> _EXERCISE AIM_
The data must be reproduced verbatim; images are to be omitted.

> _RECORDED DATA_
◇ ◇ ◇ ◇
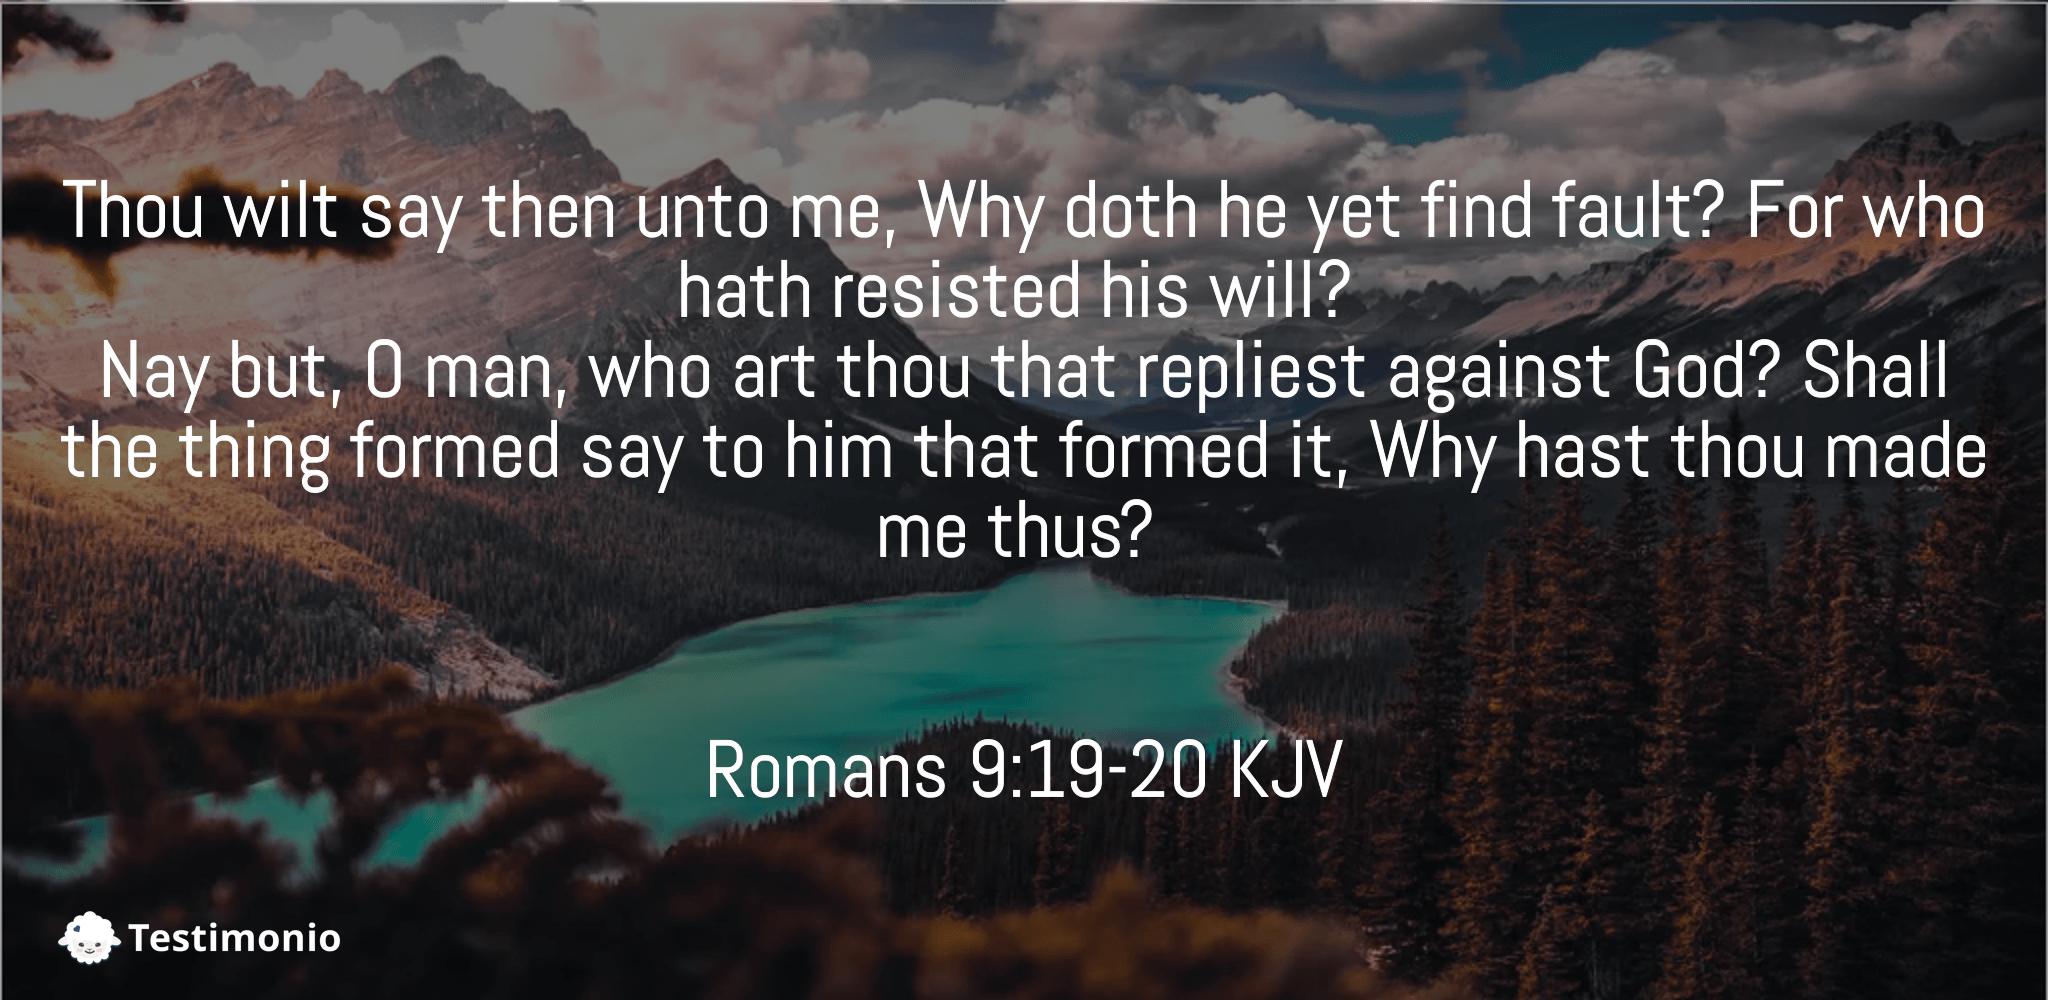 Romans 9:19-20
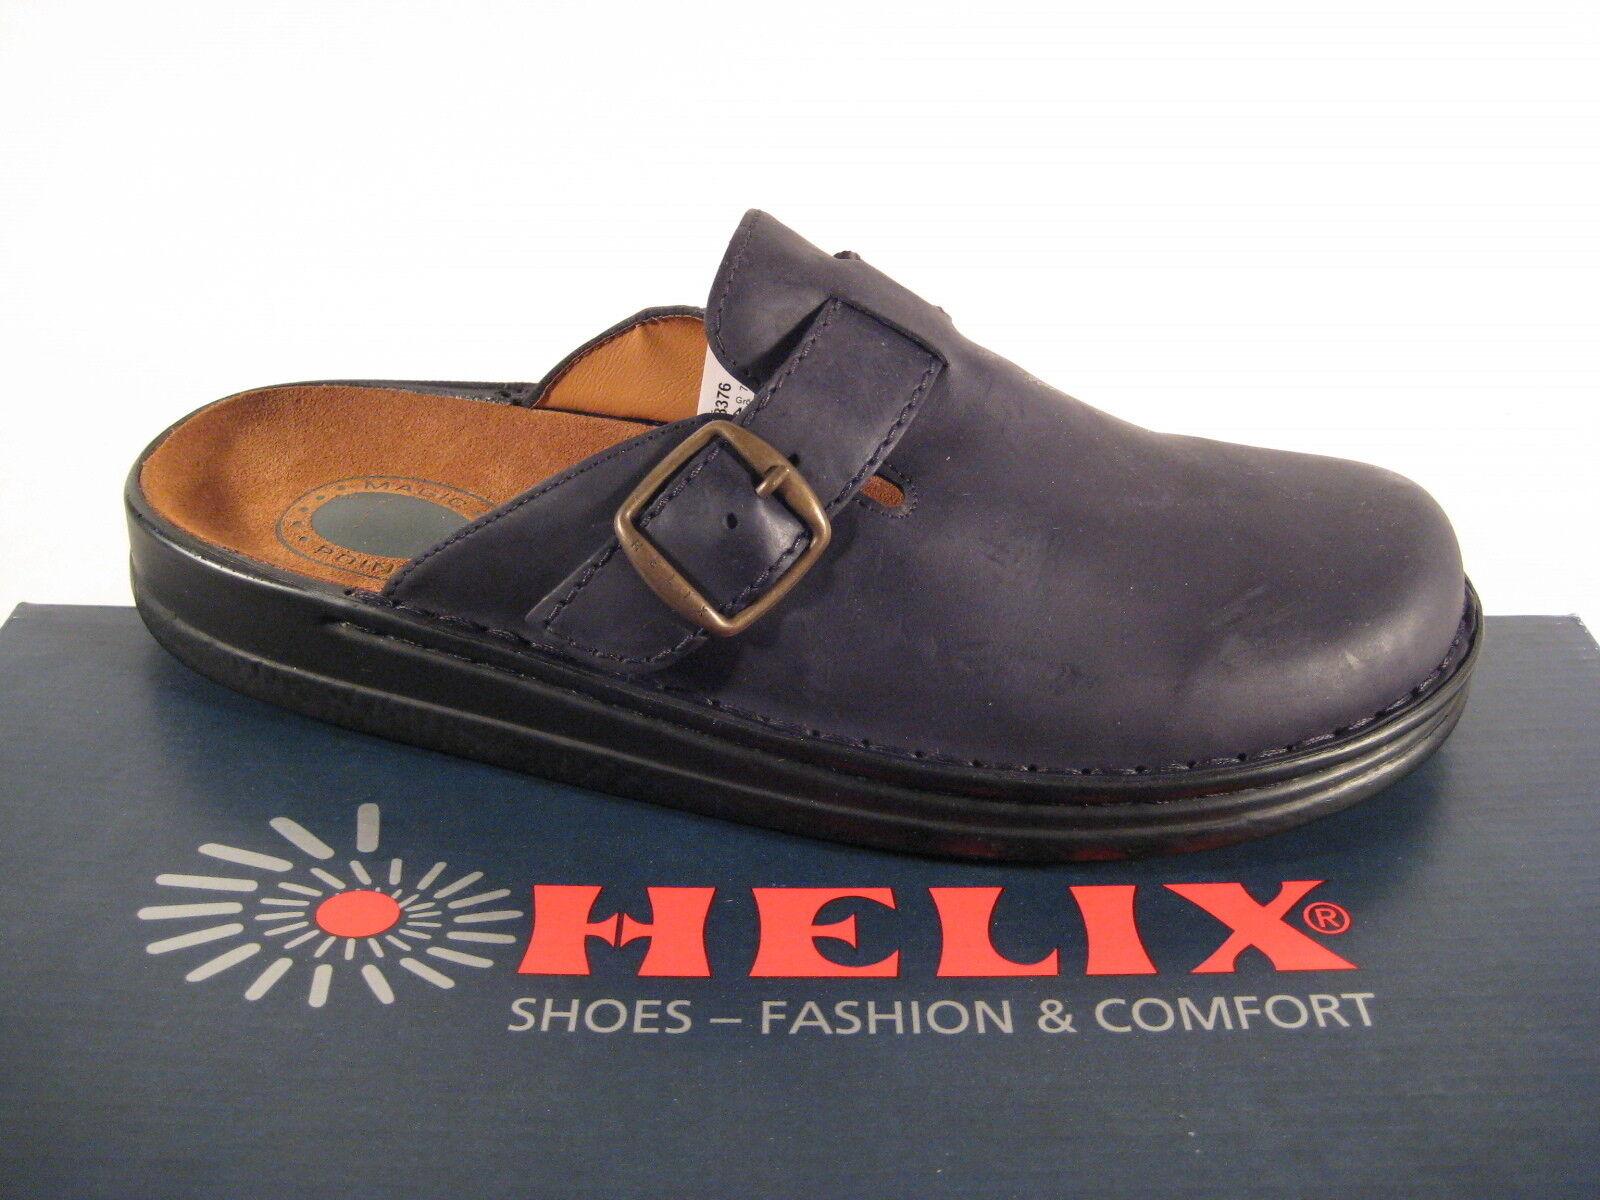 Helix Clogs Pantolette Pantoletten schwarz Echt Leder Luftpolster Lederfußbett
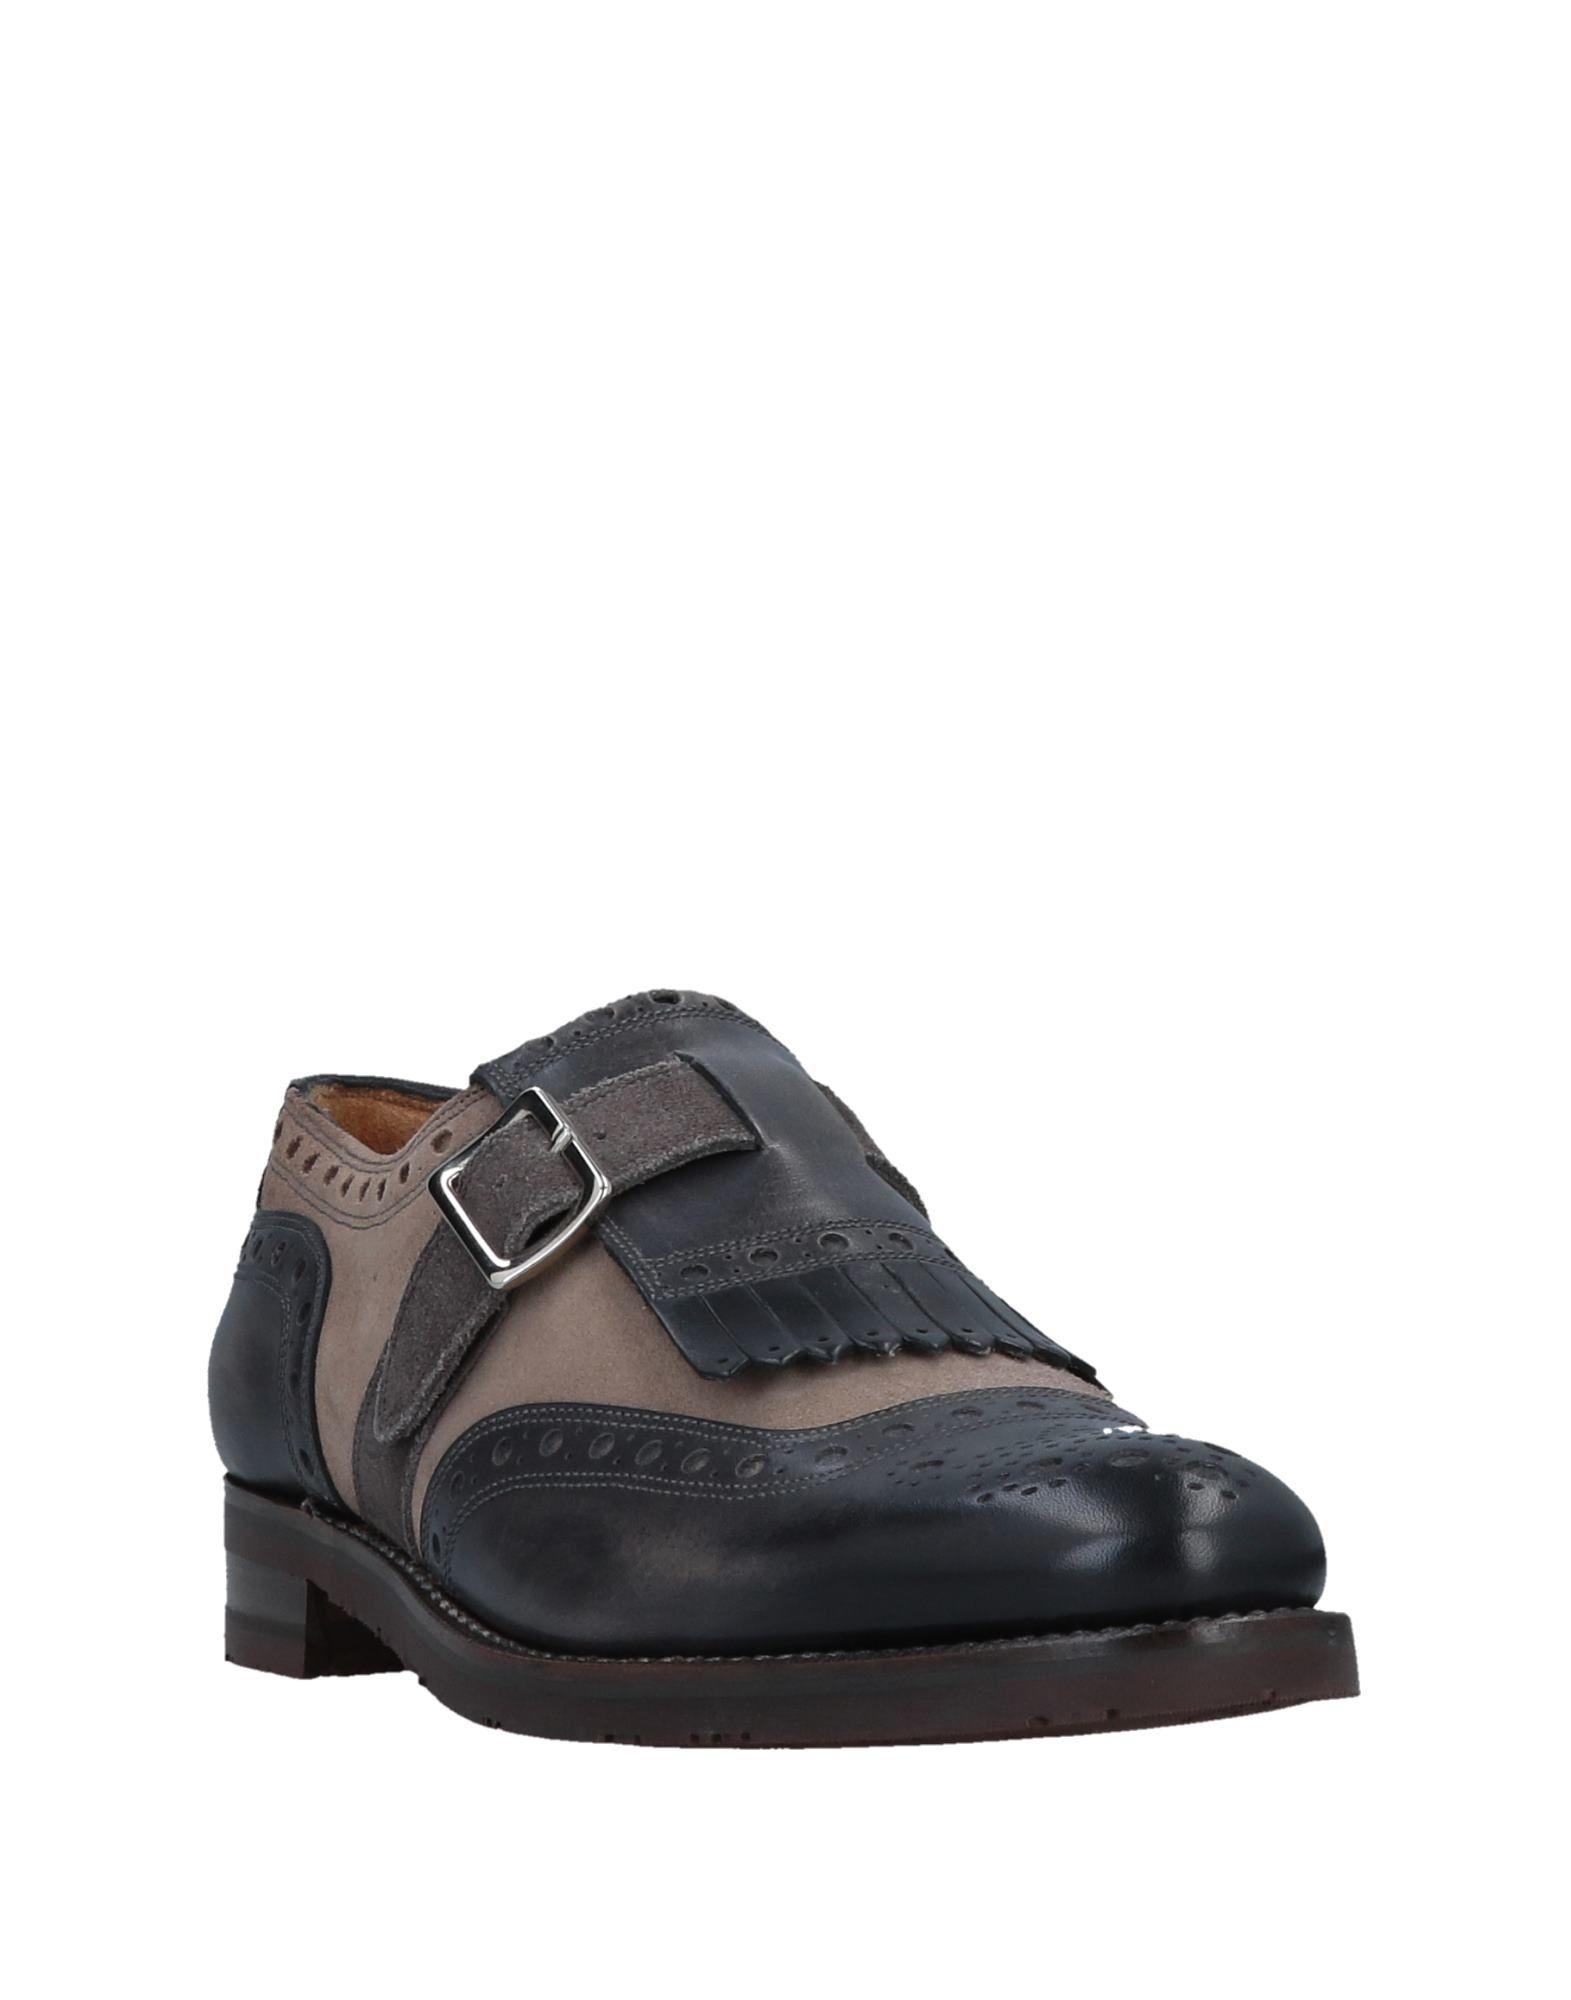 Rabatt echte Schuhe Botti Mokassins 11502242JW Herren  11502242JW Mokassins f3d893
◇ ◇ ◇ ◇
> _RESPONSE TO THE EXERCISE_
 Romans 9:19-20
 Helix Clogs Pantolette Pantoletten schwarz Echt Leder Luftpolster Lederfußbett
 Rabatt echte Schuhe Botti Mokassins 11502242JW Herren  11502242JW Mokassins f3d893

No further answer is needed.